За семь лет жизни в Сибири Попов наслышался много подобных рассказов. Якутские тойоны постоянно совершали набеги на улусы соседних племен, а бывало – и на улусы своего же племени.
– Где ж твоя жена?
– В ту пору умерла жена тойона Бозеко. Моя Чимая ей служила. Ее и зарезали, чтоб схоронить с хозяйкой.
– Что ты! – воскликнул пораженный Попов, но тут же вспомнил, что он уже слышал о диком обычае хоронить ближайших рабов с их тойонами.
– Бокан должен служить тойону и после смерти, – спокойно пояснил Удима.
– Где твоя дочь?
Удима грустно повесил голову.
– Тойон Курсуй продал ее. Взял за нее двух кобыл.
– Давно ли ты ушел от Курсуя?
Удима снял рукавицу и пересчитал по пальцам.
– Пять зим, как ушел.
– Как ты убежал?
– Как? Ночью увел двух коней. В Якутский острог прискакал. У русских я и остался.
– А не требовал ли тебя тойон обратно?
– Где требовать! Курсуй сам должен был бежать. Заворовался! Повинен он в убийстве.
– Поймали его?
– Где там! Тайга велика.
– Как ты попал на Колыму?
– Как? Ушел я сперва на Индигирку. Соболей добывать. Пристал к покрученикам торгового человека Дубова. С ними и ушел. Там ограбил нас беглый казак Анкудинов. С голоду помирали. Потом пристал к охотникам, что на Колыму шли.
Попов разглядывал морщинистое лицо человека, чья судьба была столь изменчивой. Вдруг впереди послышались собачий лай и крики людей. Меж деревьями показались нарты.
Несказанно удивленные, Попов и Удима увидели средь кустов дюжину измученных собак. Высунув языки и скуля, они едва вытаскивали нарты из сугробов. Рядом с нартами бежал на лыжах долговязый человек с палкой в руке и пищалью за плечами. То и дело он помогал собакам и кричал высоким фальцетом:
– Ну! Рыбий глаз! Вперед! Паца! Паца![45] Чтоб вас громом разразило!
Долговязый был одет в рваную короткую кухлянку и меховые штаны. На поясе у него болтались топор и большой нож. Едва каюр[46] обернулся, Попов увидел рыжие космы волос, выбившиеся из-под рваной рысьей шапки, выпученные бесцветные глаза под рыжими бровями, длинный вздернутый нос, впалые щеки, открытый рот и редкую, словно выщипанную, бороденку.
– Сидорка! – весело окликнул Попов.
– Холмогорец! – не менее радостно отозвался Сидорка петушиным голосом. – Фомка! – закричал он, оборачиваясь назад. – Фомка! Федот Алексеич! Вот он!
Из-за лиственничной поросли на визжавших от нетерпения собаках вырвались вторые нарты. Рядом с ними бежал на лыжах коренастый старик, сивая борода которого метлой торчала в разные стороны. Глаза старика были едва видны из-под надвинутой лисьей шапки, а нос, имевший форму картофелины, поражал ярко-красным цветом.
– Федя! Неужто ты, мил-любезный человек! Вот уж нежданно-негаданно! – густым басом приветствовал старик Попова и обнял его словно родного.
Фома Семенов, по прозвищу Пермяк, и его неразлучный друг Сидор Емельянов Устюжан – известные на сибирских реках охотники. Полные имена этих скромных людей мало кто знал. Большинству промышленных и служилых людей они были известны как «Фомка с Сидоркой».

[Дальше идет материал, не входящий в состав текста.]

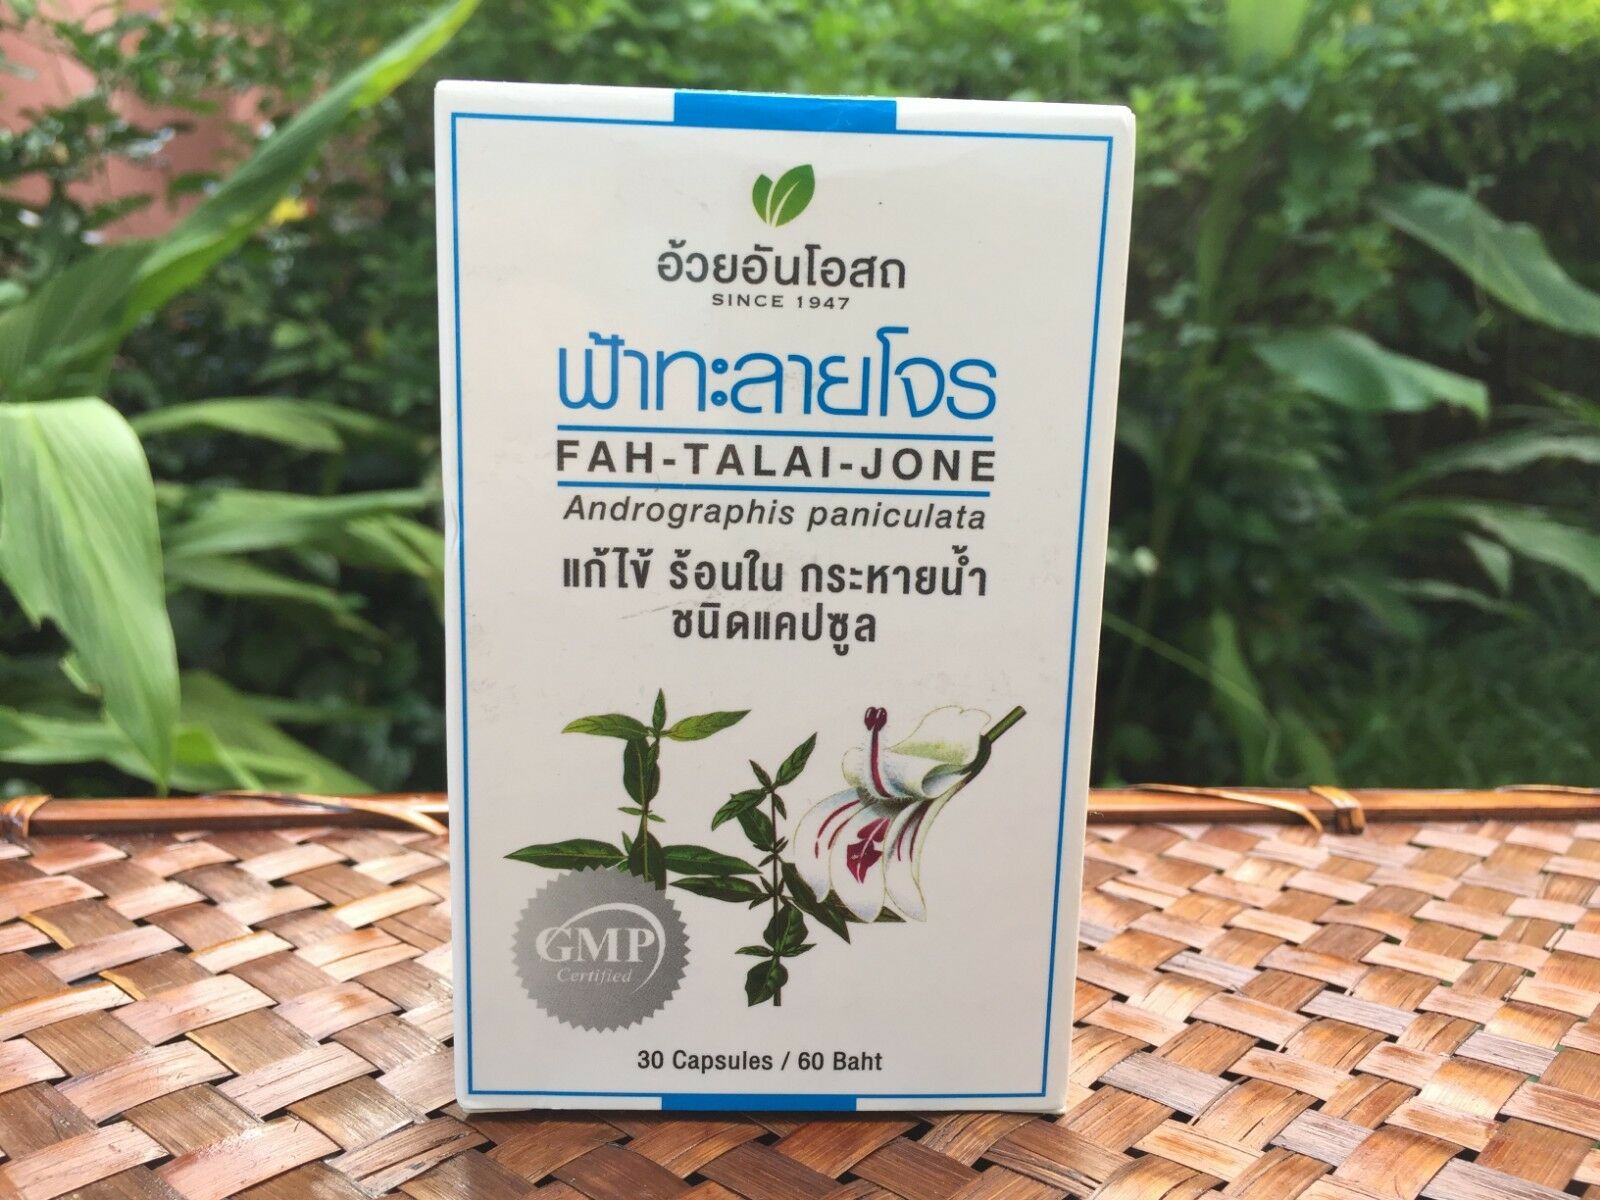 Таиланд одобрил траву чиретта в качестве лекарства от COVID-19

Попов впервые встретился с Фомкой и Сидоркой лет пять назад на Оленек-реке. Позже он видел их на Яне и на Индигирке.
Тем временем под крики охрипших охотников еще пять собачьих упряжек выбежали из-за кустов.
– Вперед! – закричал Попов, едва они остановились. – Зимовье близко!
Скоро все были в зимовье. Крики, приветствия, лай собак – все смешалось в нестройный веселый гомон. Прибытие двенадцати человек с Яны и Индигирки явилось большим событием.
Собак накормили и привязали. Попов пригласил Фомку с Сидоркой в свою избу и усадил их за стол. Колымчане с нетерпением ожидали, когда же гости насытятся и начнут рассказывать новости.